With all this input, filtered through friends, family, neighbors, media, home builders and others, exploring the data ourselves may provide a breath of fresh air, confirm suspicions, or at the very least offer a different perspective.

The Federal Reserve Bank of Saint Louis Economic Research FRED website has a dearth of economic data across many different categories. One of these, U.S. Regional Data breaks down even further and ultimately, we arrive at datasets providing numbers on the Average Sales Price of Houses Sold across various census regions.

With access to these datasets, we can put something together to examine how home sale prices have changed over the years.

With the Line Plot node in KNIME Analytics Platform, we can quickly and easily generate a line plot that allows us to compare this data and interact with it in the interactive and composite views.

The four datasets we are working with include the average sales price of houses sold across United States census regions (West, Midwest, Northeast and South). These datasets cover the sale prices from 1975 through July 2021. These datasets are very straightforward with just date and price columns for each region (Figure 1).

Figure 1: GEOFRED Site Showing Breakout Of U.S. Census Regions.
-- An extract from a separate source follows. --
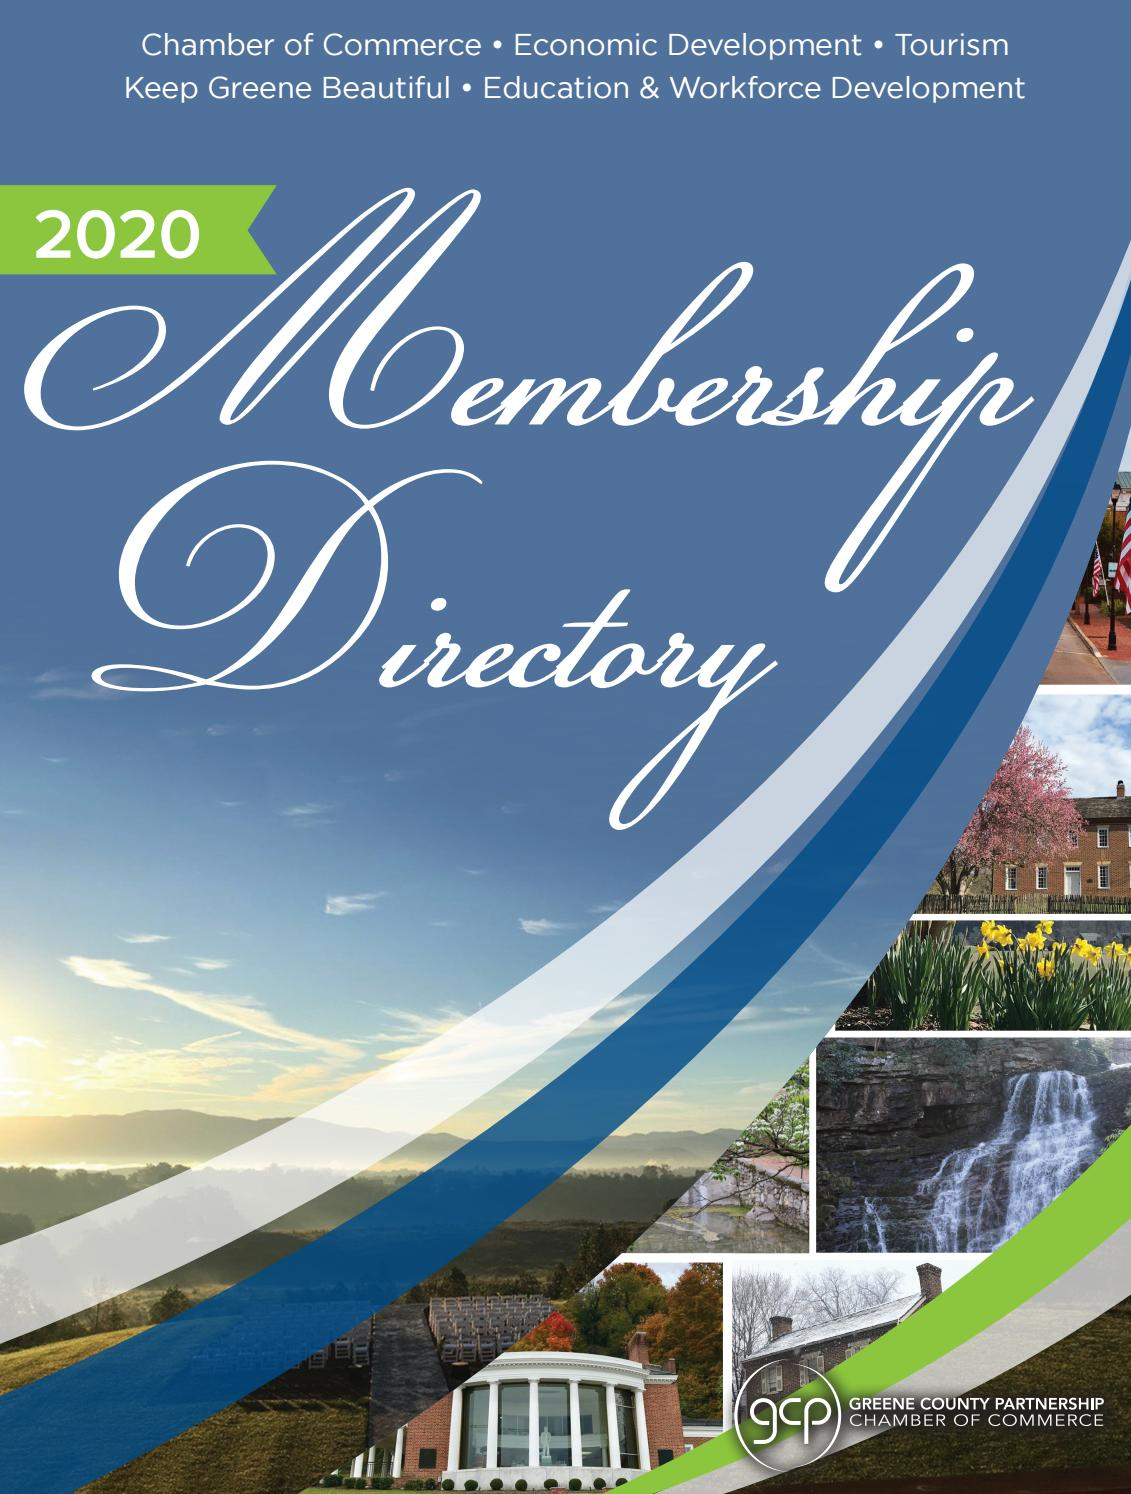 Harry Greeneville Tn Halloween 2020 Greene County Partnership Directory 2020 by The Greeneville Sun

Sources: Census; HUD.

The datasets come with the reference workflow for this blog post, named Line Plot, which is available on the KNIME Hub and can be downloaded for free.

In this post, we will describe and apply this node to:

  • Create a basic line plot from the FRED data.
  • Apply custom colors to specific columns to display in the plot.
  • Control aspects of the Line Plot node with flow variables.
  • Provide an example of the Plotly-based Line Plot node.

The Line Plot Node

Line plots assist us in visualizing changes over time. We often plot single or multiple lines against a temporal variable (such as a date) so we can more easily understand the relationship between our various data points.

Generally, we plot our continuous variable on the y-axis, so in this case the average sale price, and the temporal variable on the x-axis, in this case the date. The main area of the plot is then composed of our data points per region, color coded and connected with line segments (Figure 2).

Figure 2: The Line Plot Node.

The Line Plot node is part of the KNIME JavaScript Views family nodes that have a JavaScript-based implementation.

Aside from basic x and y plotting, we can apply color from nominal values to our series on the plot.

The Line Plot node is organized under the Views category in the node repository (Figure 3).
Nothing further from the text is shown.